Updated

Jurors began debating Monday whether a 16-year-old boy is guilty of murdering his family on newsman Sam Donaldson's ranch, after a prosecutor called the teen a cold-blooded killer who hid the bodies in a manure pile and a defense attorney countered that the shootings were in self-defense.

In her closing argument, prosecutor Janice Schryer urged the jury to convict Cody Posey of first-degree murder in the deaths of his father, stepmother and stepsister despite defense claims that he suffered years of physical and mental abuse.

"It's not a case about abuse," Schryer said. "It's a case about cold-blooded, intentional murder perpetrated by Cody Posey."

Schryer described Posey's parents as loving and having high expectations of the boy, but said the youth didn't like ranch life and "took the opportunity to relieve himself of those expectations and that life."

Defense attorney Gary Mitchell, making his closing arguments at the end of a three-week trial, said the boy had been isolated on the ranch and subjected to repeated abuse, including beatings and excruciating chores, such as filling a trough with water using a Dixie cup.

"It's time the abuse ended for this child," Mitchell said.

Posey was arrested a few days after the bodies of his father and stepmother, Paul and Tryone Posey, and his stepsister, 13-year-old Mary Lee Schmid, were found on Donaldson's Chavez Canyon Ranch in July 2004. The elder Posey was the ranch's manager.

The jury was deliberating first-degree murder charges but also has the option of convicting him of lesser charges, including voluntary manslaughter.
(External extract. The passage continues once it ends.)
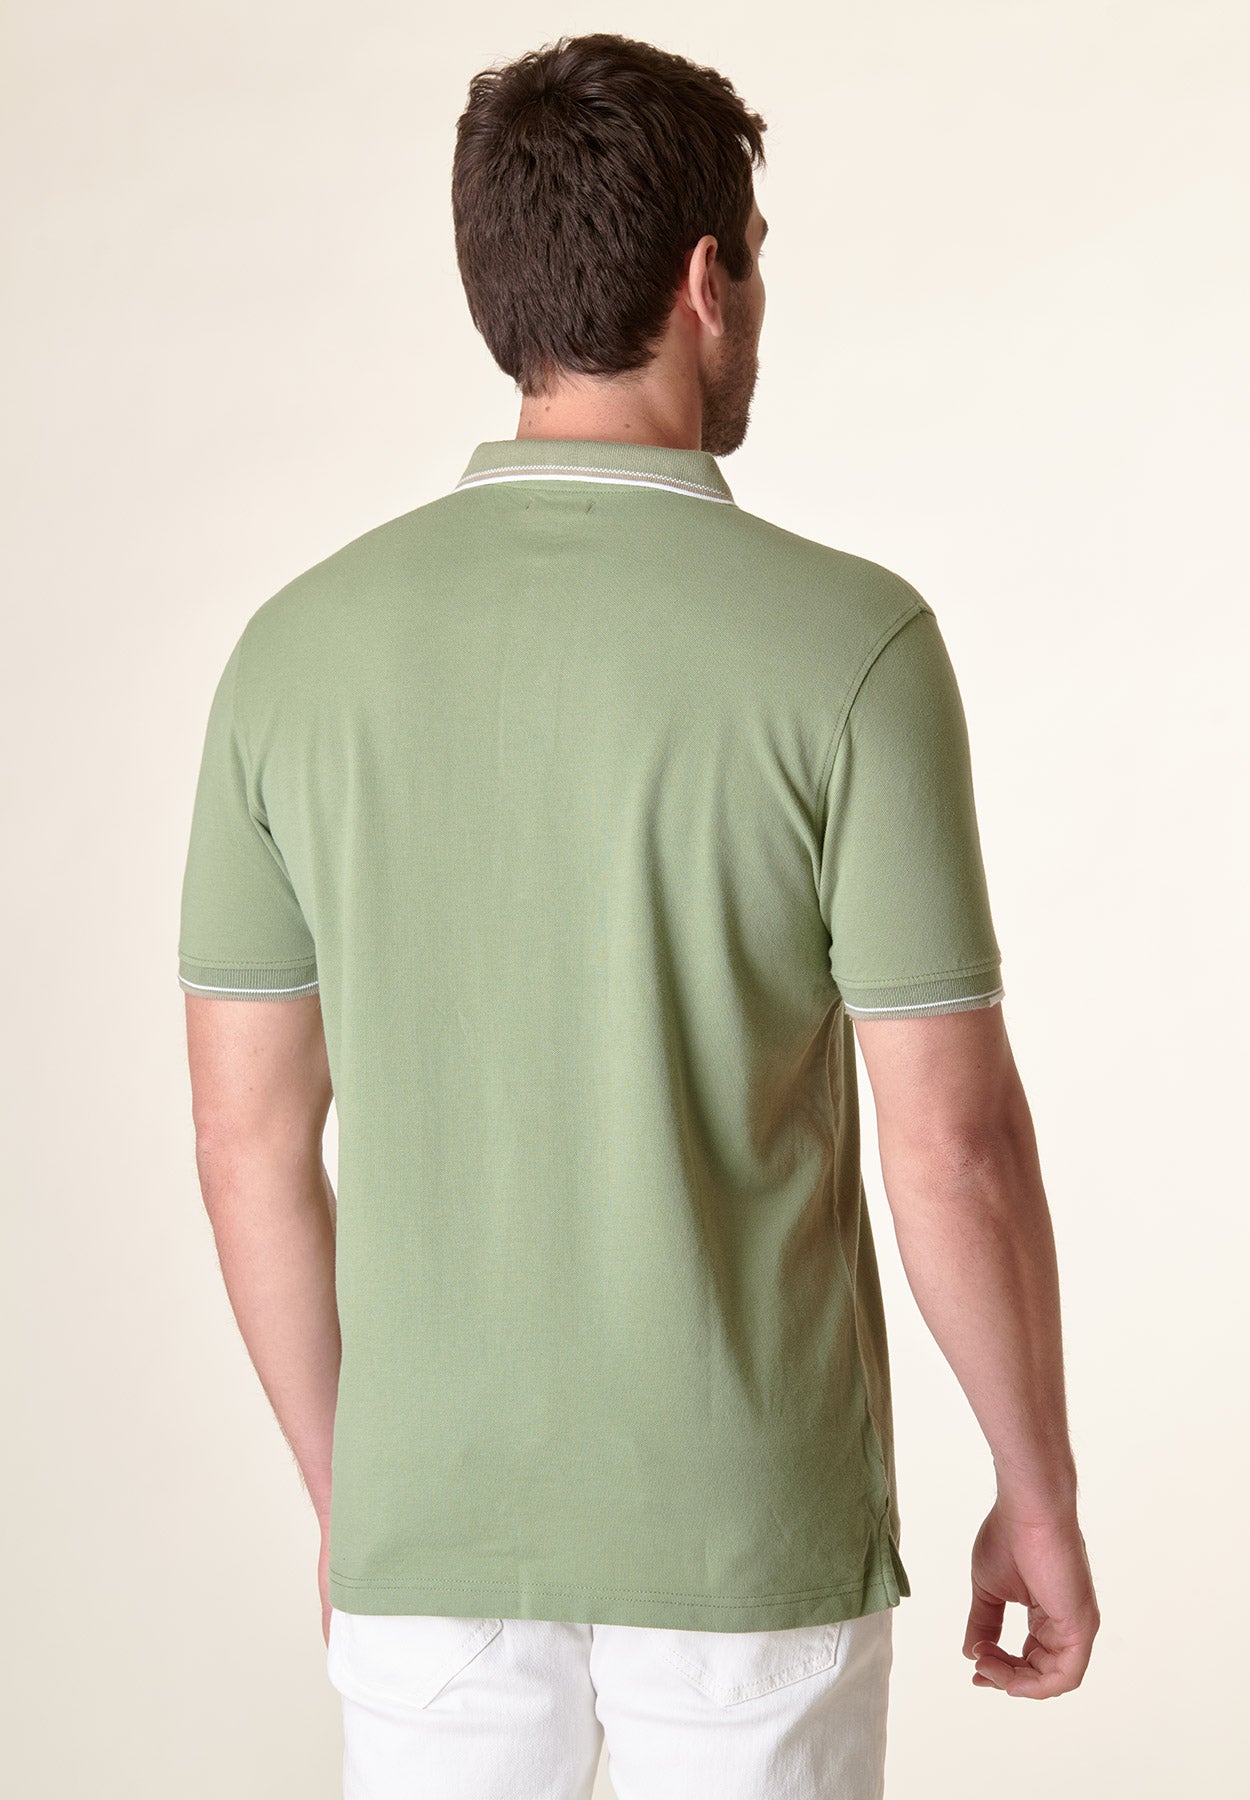 Grünes Baumwoll-Poloshirt mit Jacquard-Kragen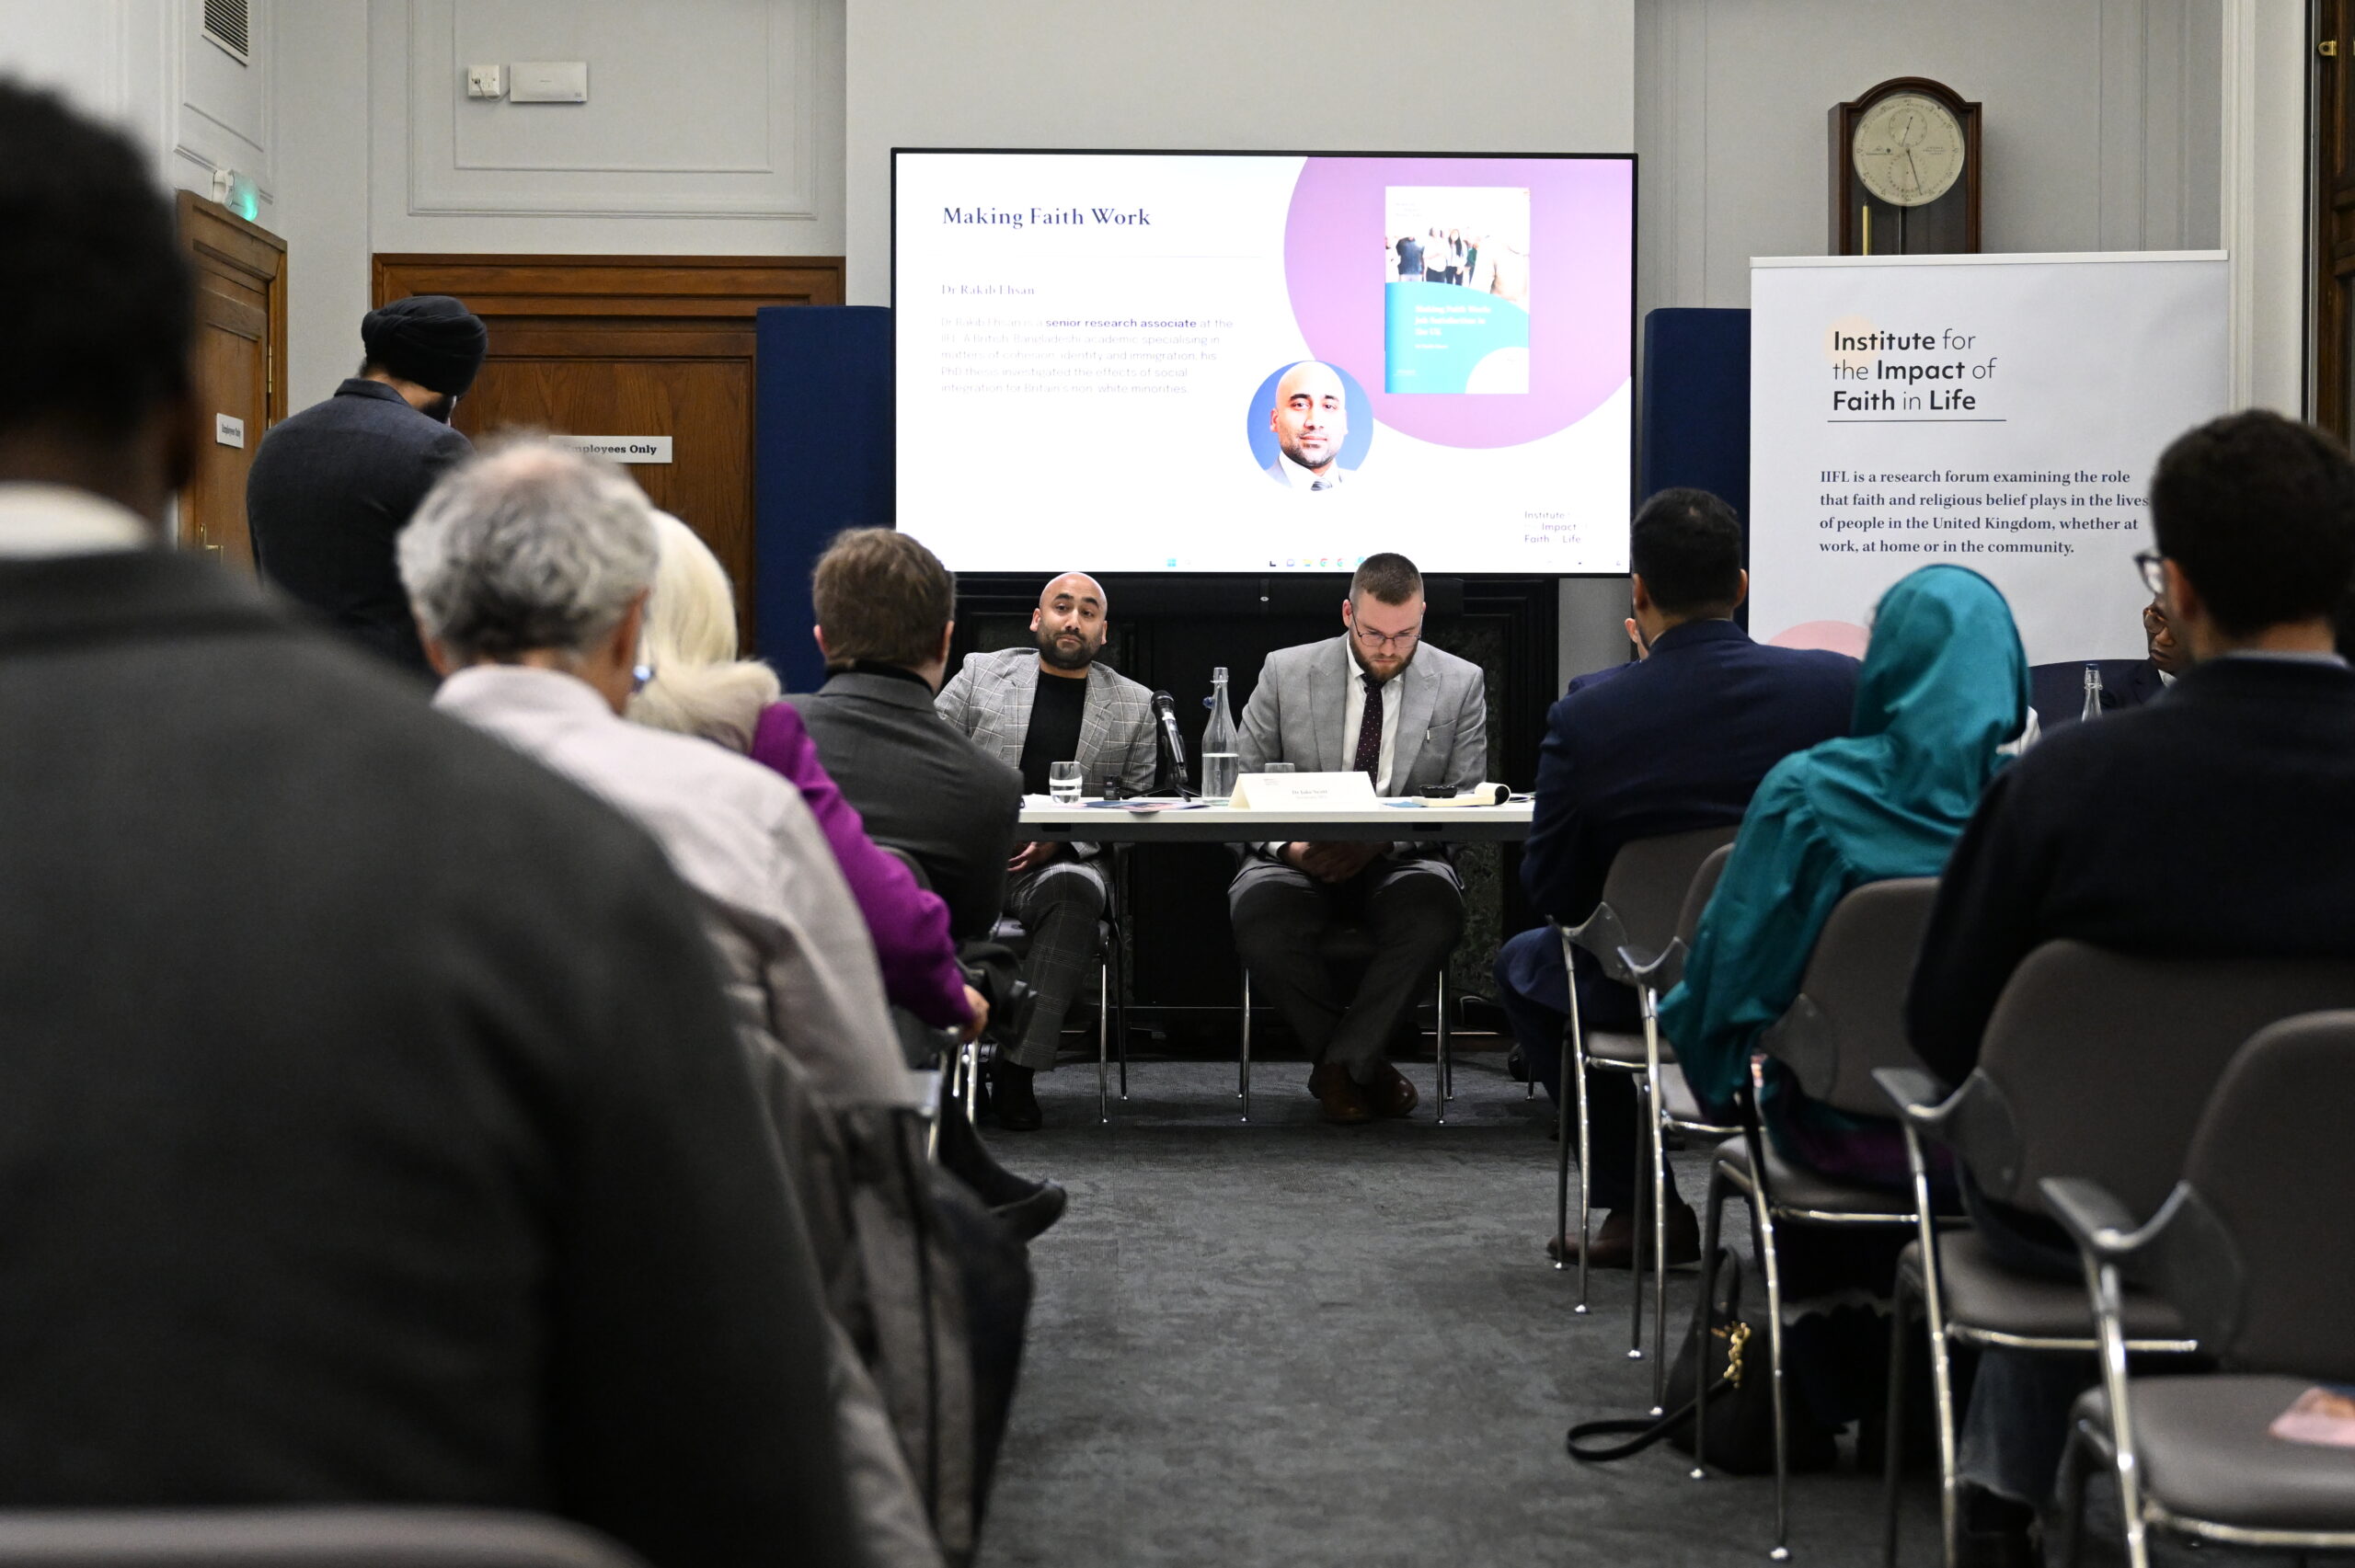 IIFL launch event - Dr. Rakib Ehsan discusses the report's findings.

Donaldson was the trial's first witness, taking the stand Jan. 17 to describe finding a bloody scene upon returning from a trip.

On a videotape shown to the jury, Posey tearfully said he shot his stepmother first so she wouldn't call 911, then killed his father, then Mary Lee so she wouldn't tell on him.

Dozens of witnesses testified that the boy was hit, called names and isolated from friends by his family. And on the stand, Posey claimed his father burned him with a metal welding rod after he refused to have sex with his stepmother the night before the slayings.

Prosecutors contend the teen planned the slayings, then lied and tried to turn suspicion away from himself. Prosecution witnesses also testified they never saw a mark on Posey's body.

Mitchell has said the boy — 14 at the time of the killings — told teachers, family and friends about the alleged abuse but the state failed to help him.

"This abuse against this child needs to end and that means the abuse by the state of New Mexico in prosecuting it, too," Mitchell said.